La première partie de son livre « les laideurs de la société » présente 10 textes et c’est le lyrisme qui transporte les émotions de l’auteur. Comme les lamentations du Roi David dans la Bible, le jeune Poète Migada pleure tout ce qui empoisonne la beauté de la vie. Il conjure la mort, il craint sa finitude, il exprime ses angoisses, ses peurs, les maux de la société, et tout ce qui empoisonne les bonnes relations interpersonnelles, l’originalité de la culture qui se fane et se profane, la pauvreté qui défigure la société et le bonheur des citoyens du monde, son cybercriminel sans foi ni loi qui se réjoui à escroquer … Tous ces maux blessent la sensibilité du jeune Poète qui n’aime que le bien, le beau et le bonheur autour de lui. Tous les Poètes avant lui ont aussi souffert des hideurs de ce monde et continuent d’en souffrir. Ce qui déculpe la souffrance des Poètes est le plus souvent leur impuissance face au déterminisme, à la mort, à la tragédie, aux volontés suprêmes des dieux, à la méchanceté incurable des hommes, à la déshumanisation de la société… Son texte intitulé « Désarroi » à la page 16 me rappelle la dernière prière de Jésus à Gethsémani avant sa crucifixion. Le jeune Poète Migada dit ceci :
Oh mon Dieu
Est-ce déjà l’heure ?
Pourquoi j’entends
Kouh ricaner
Diantre
Je n’arrive pas à le croire
J’ai pourtant fait tous els sacrifices
J’ai pourtant été en forêt pour te supplier
Je sens la douce odeur putride de kouh
Je suis désespéré
Je suis aveuglé par les larmes
Même le sommeil me fait peur
Car je redoute mon départ
Je ne sais comment te montrer mon malheur
Je n’ai que pour épaules consolatrices mes lourds pleurs
La deuxième partie de son œuvre est intitulée « Les beautés de la société » et le jeune Poète chante la force de l’espoir, la beauté de la vie, les vertus, les valeurs, l’amour de sa mère qui est la racine de son évolution… Le Poète veut s’approprier le don créateur des dieux pour recréer un monde où il ne règne que le beau, où les habitants ne sont que bons et ne cultivent que la bonté et la beauté. Le jeune Poète semble exprimer sa sublimation des problèmes de famille. Il consacre 3 textes dithyrambiques sur 20 à sa mère, un texte très affectif à sa sœur et un autre qui semble être très amer à son père intitulé « lettre à mon père ». Dans le texte à son père, il rappelle les devoirs d’un bon père pour ses enfants.

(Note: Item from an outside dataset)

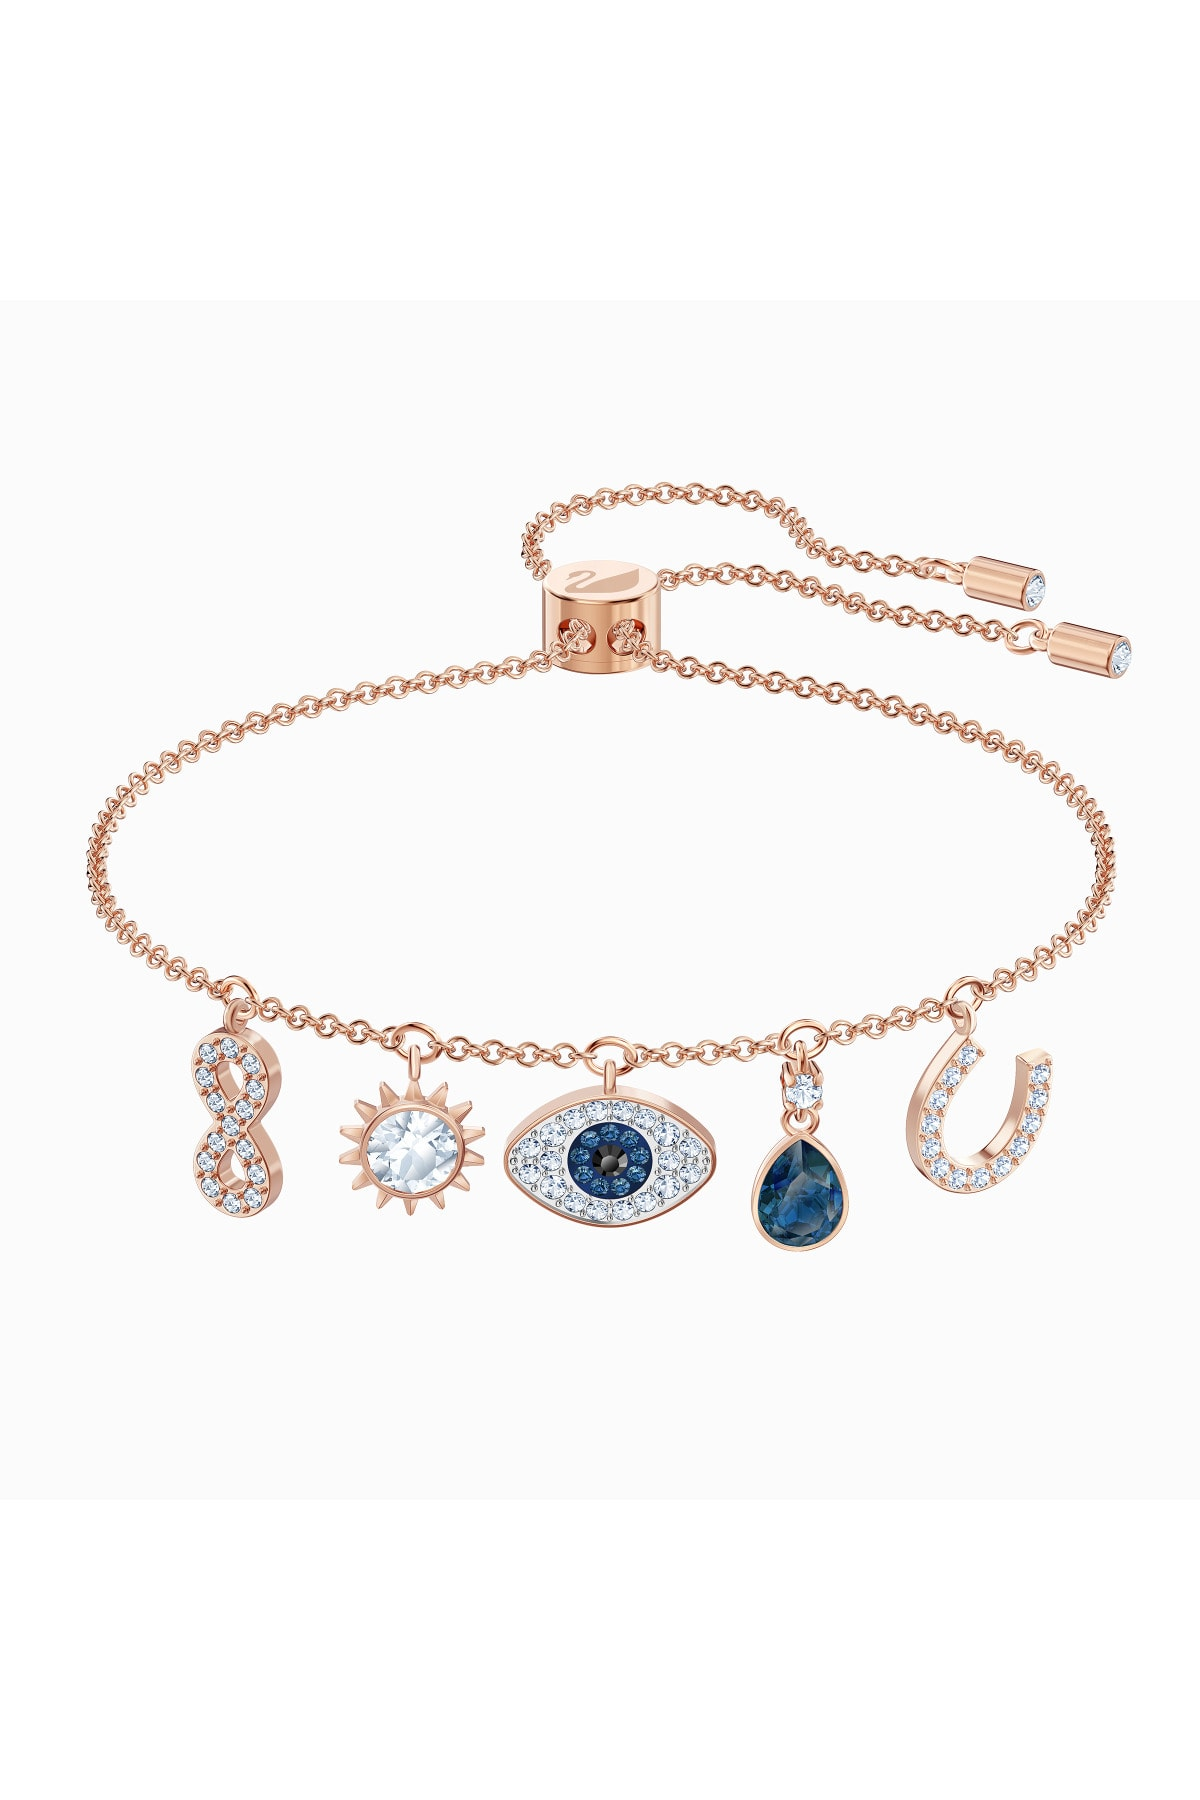 Swarovski 5497668 Bilezik Swa Symbol:bracelet Charms Lmul/ros M 5497668 1

Il nous arrive souvent d’être en dédicace dans les librairies et lorsque des parents passent devant nos stands avec leurs enfants et que nous les invitons à découvrir nos œuvres, nous sommes choqués lorsqu’ils nous répondent avec satisfaction « Mes enfants n’aiment pas lire ! C’est pourquoi je n’achète pas de livres ». En lisant le jeune Poète Migada , on réalise le bénéfice de son initiation à a poésie sur le plan intellectuel, spirituel et psychologique. La poésie lui a permis d’enrichir son vocabulaire, développer sa créativité, son expression écrite et orale, à cultiver et défendre des valeurs qu’il exprime dans son livre, à sublimer ses souffrances et échecs, à se tourner vers une activité saine et productive qui est l’écriture. C’est l’exemple que doivent suivre ses amis, surtout les parents en encourageant leurs enfants à la lecture et à l’écriture. Je vis en ce jeune Poète un futur philosophe et Poète qui fera la fierté de sa famille et de son pays.